Words and Images by Kenneth Ingram
MEANDERING through a large but silent crowd, Sok Somloan steps up from the busy street into the scorched threshold of her family’s burned out home and business in Siem Reap.
“I was at home with my daughter,” explains the mother of three young children, pointing to an electrical panel where she says the fire began last Monday night around 6pm. “My husband was at work and I went to grab the fire extinguisher but it didn’t put the fire out,” she adds, her face expressionless as she stands in a shallow pit of dirty water, broken glass and melted plastic.
Kneeling nearby, her mother scratches with blackened finger tips through the charred remnants of their DVD shop, trying to maintain her balance. Below her a layer of soggy noodles cover the floor, peeled from their packages during the fire and enlarged by the water that neighbours and firefighters used to put out the flames. Occasionally she uncovers a piece of jewellery and remnants of dollar bills – savings that the family had stored in a wooden desk for safekeeping, now reduced to burnt paper and ash.

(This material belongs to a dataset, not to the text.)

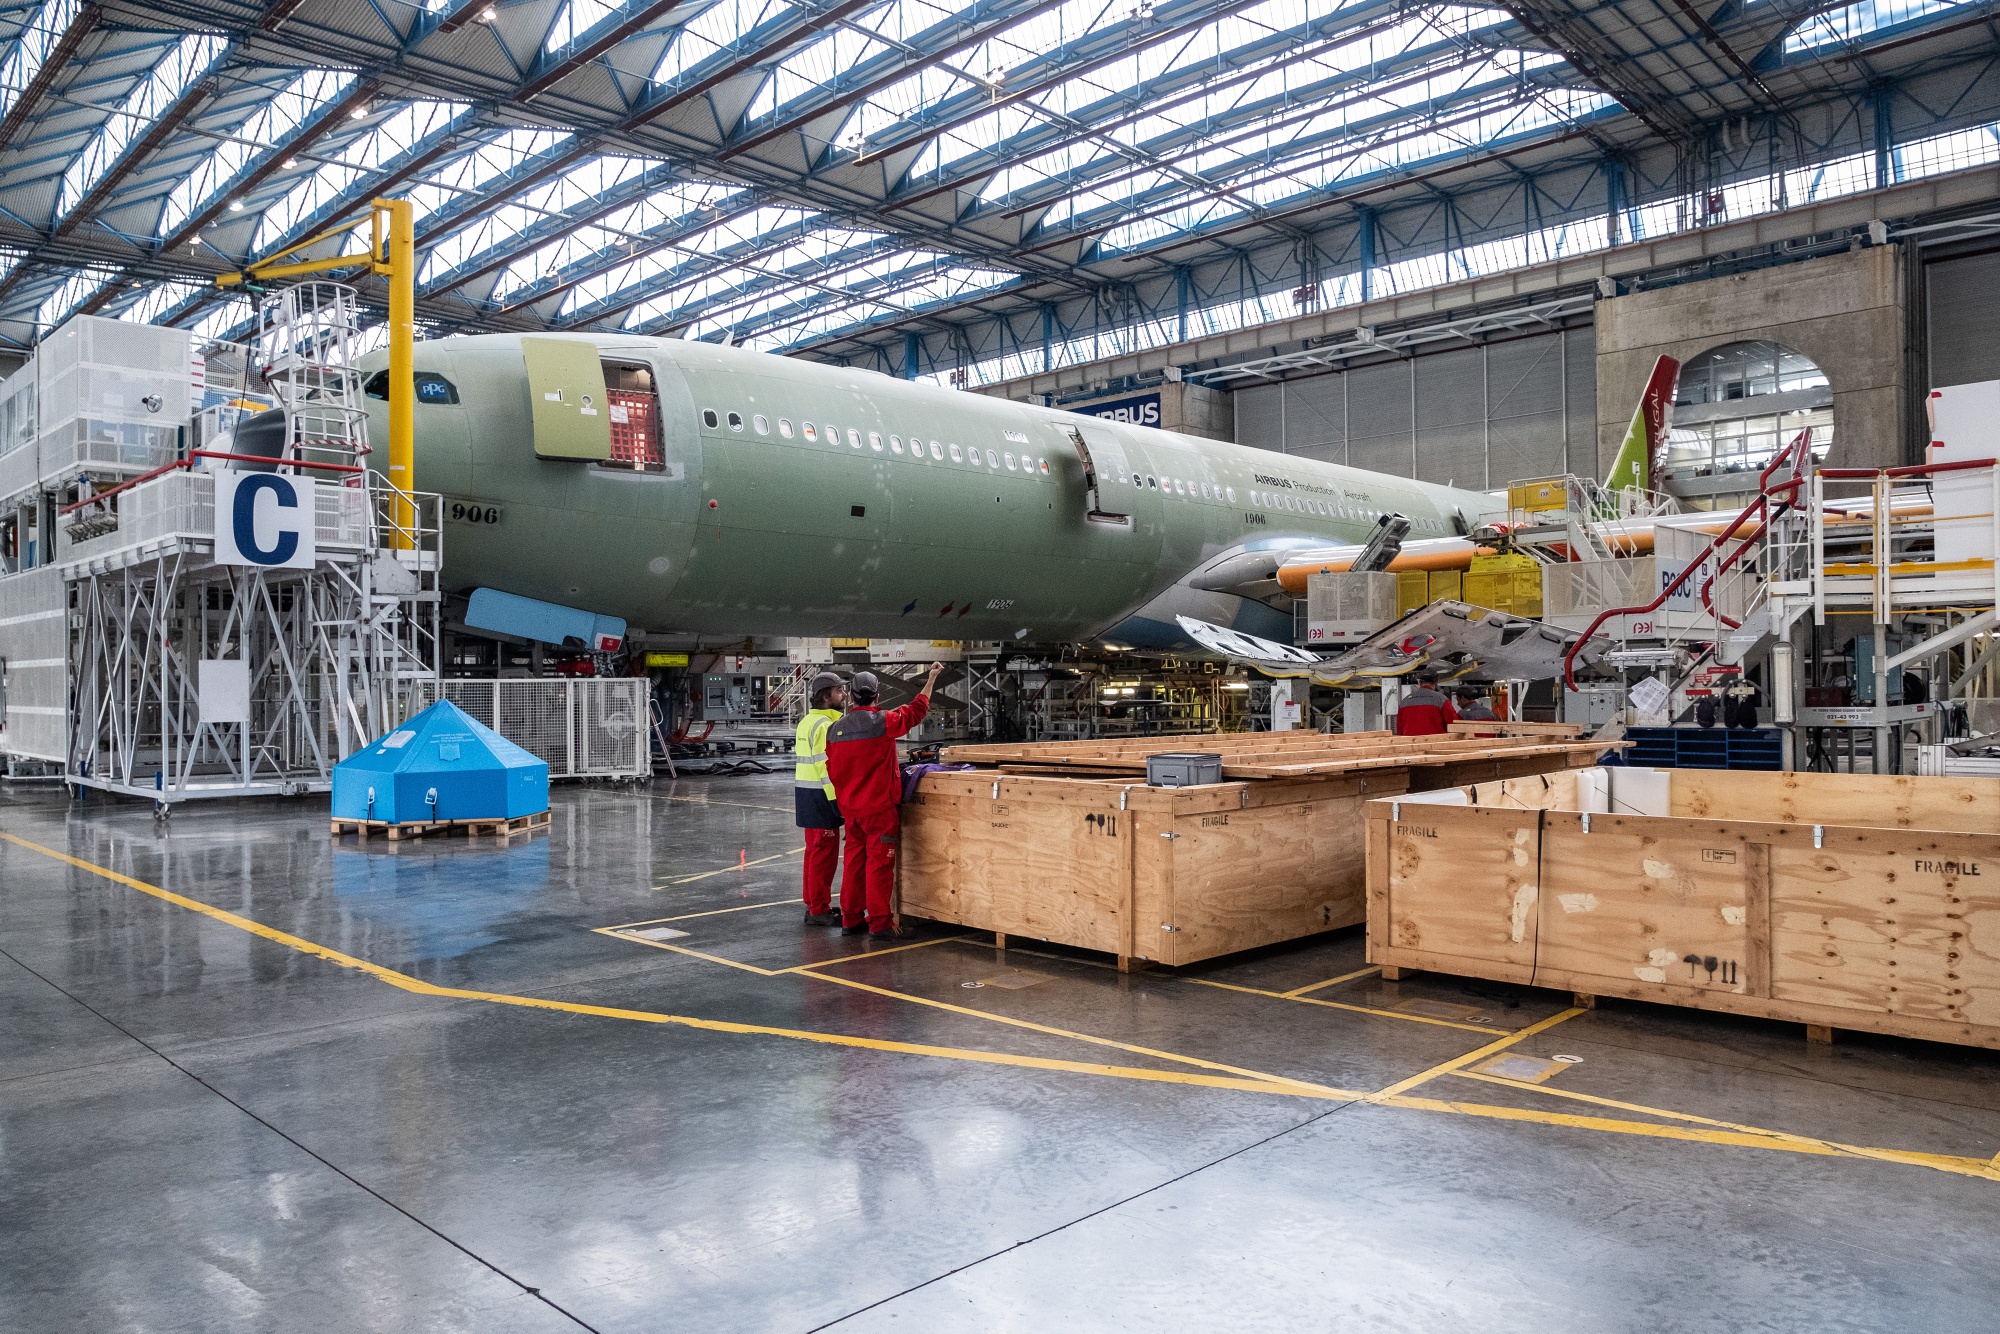 The Airbus SE assembly plant in Toulouse, France.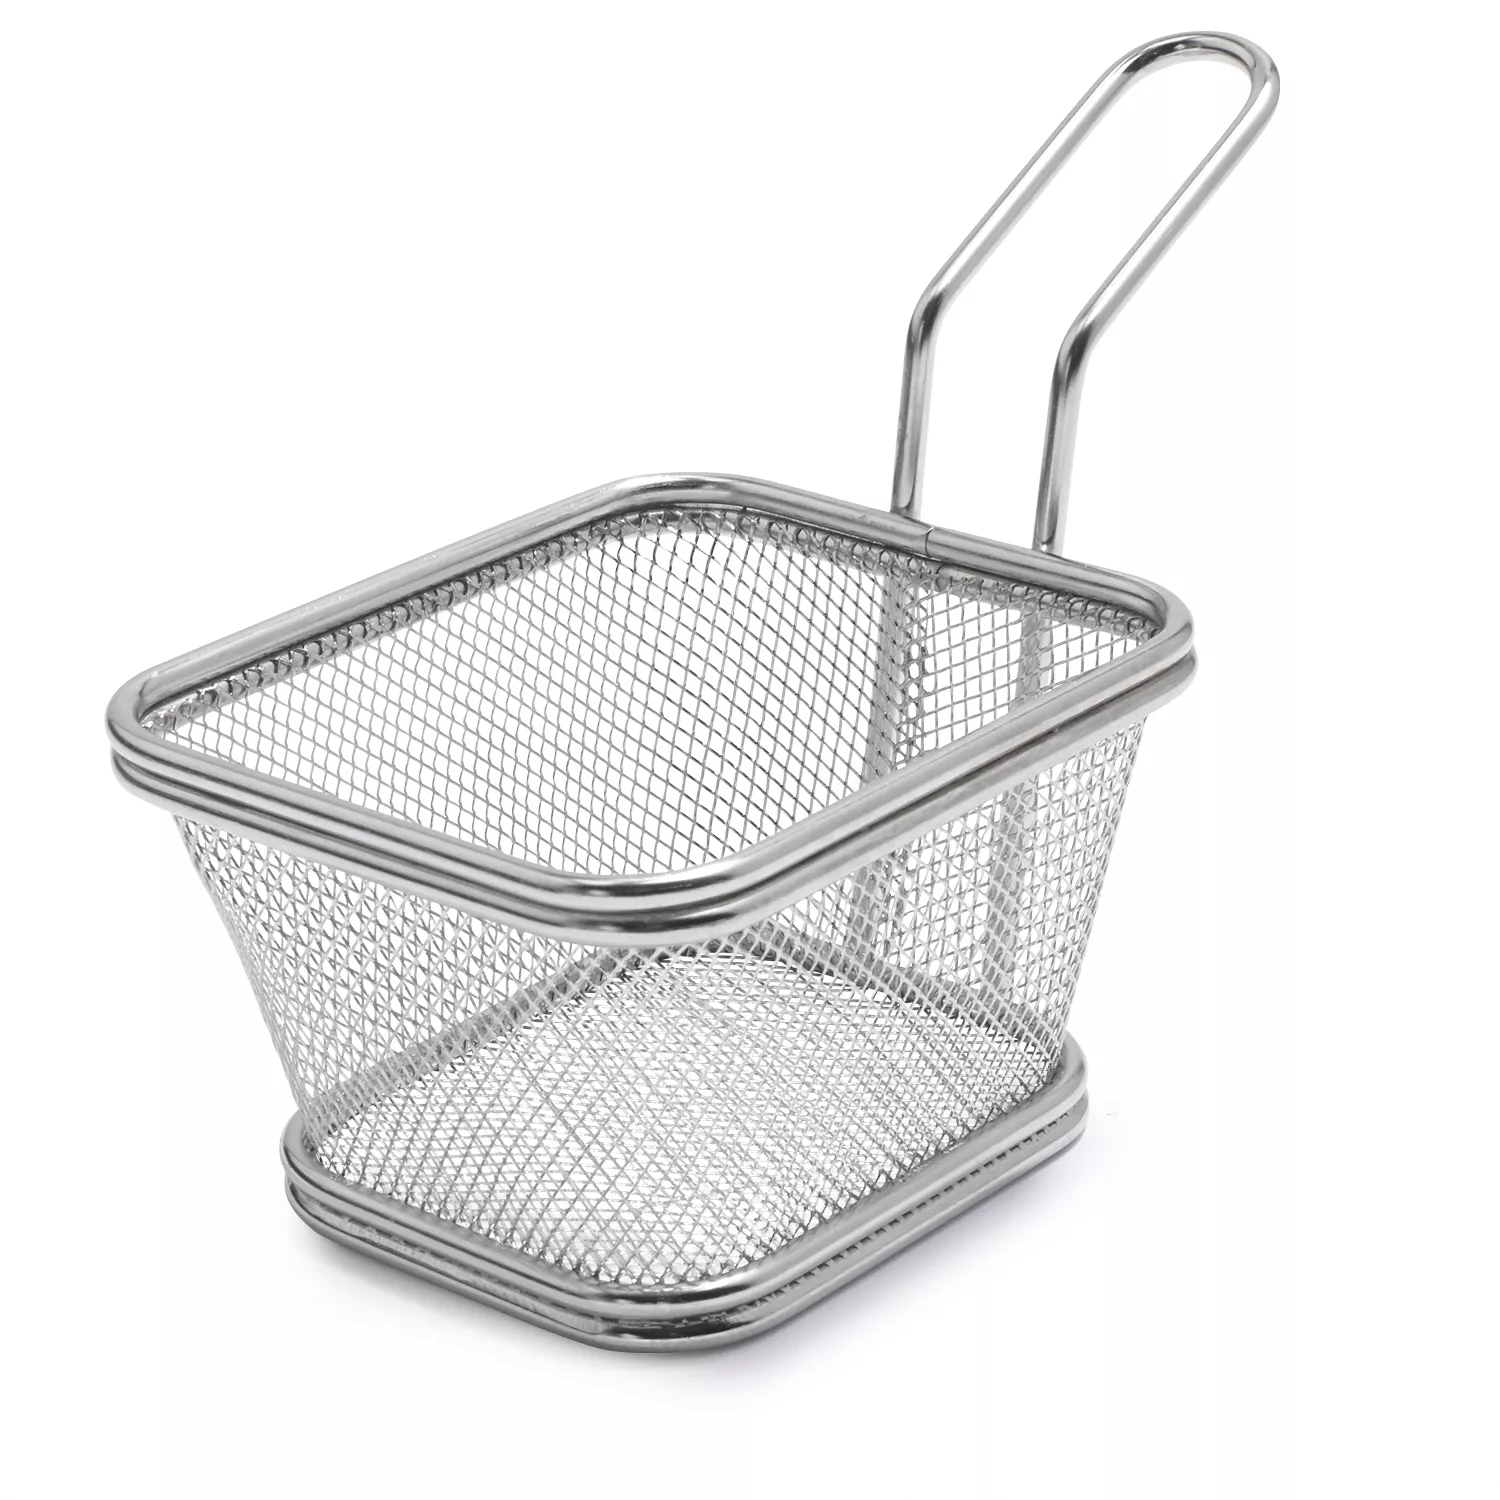 Deep Frying Technique with the All-Clad Stainless Steel Fry Basket

Unable to suppress the flames that night, Sok Somloan says she fled the three-story building and called the local fire department. “It felt like they took hours,” she says softly, adding that her neighbours helped to fight the fire for nearly an hour before fire trucks arrived.
“I just grabbed a bucket and took water from the street,” explains a shopkeeper next door, citing rain that fell earlier in the afternoon. Although no one was injured in the fire, Sok Somloan and her husband are responsible to their landlord for repairs because the building is a rental property. She says the damages, estimated in the thousands, could have been minimised had firefighters arrived sooner.
“The community put the fire out, not the fire department,” says the shopkeeper next door. “Everything she had is gone except the little amount of money she had in her purse. They don’t have insurance and I don’t know how they will pull through this.”
As the first major fire to take place in Siem Reap in the past six months, the incident this week, combined with interviews with senior fire officials in Phnom Penh and Battambang, reveals the limited capacity and dismal state of Cambodia’s emergency fire services.
There are nearly 400 firefighters in Cambodia, according to Neth Vantha, 45, Chief of Municipal Police-Fire Brigade in Phnom Penh, the largest emergency fire service force in the country. Seated in his office on Street 360 during an unscheduled interview, Neth Vantha says that 107 firefighters, most of whom alternate on 24 hour shifts, occupy the two stations in Phnom Penh and have responded to 51 fires in the city so far this year.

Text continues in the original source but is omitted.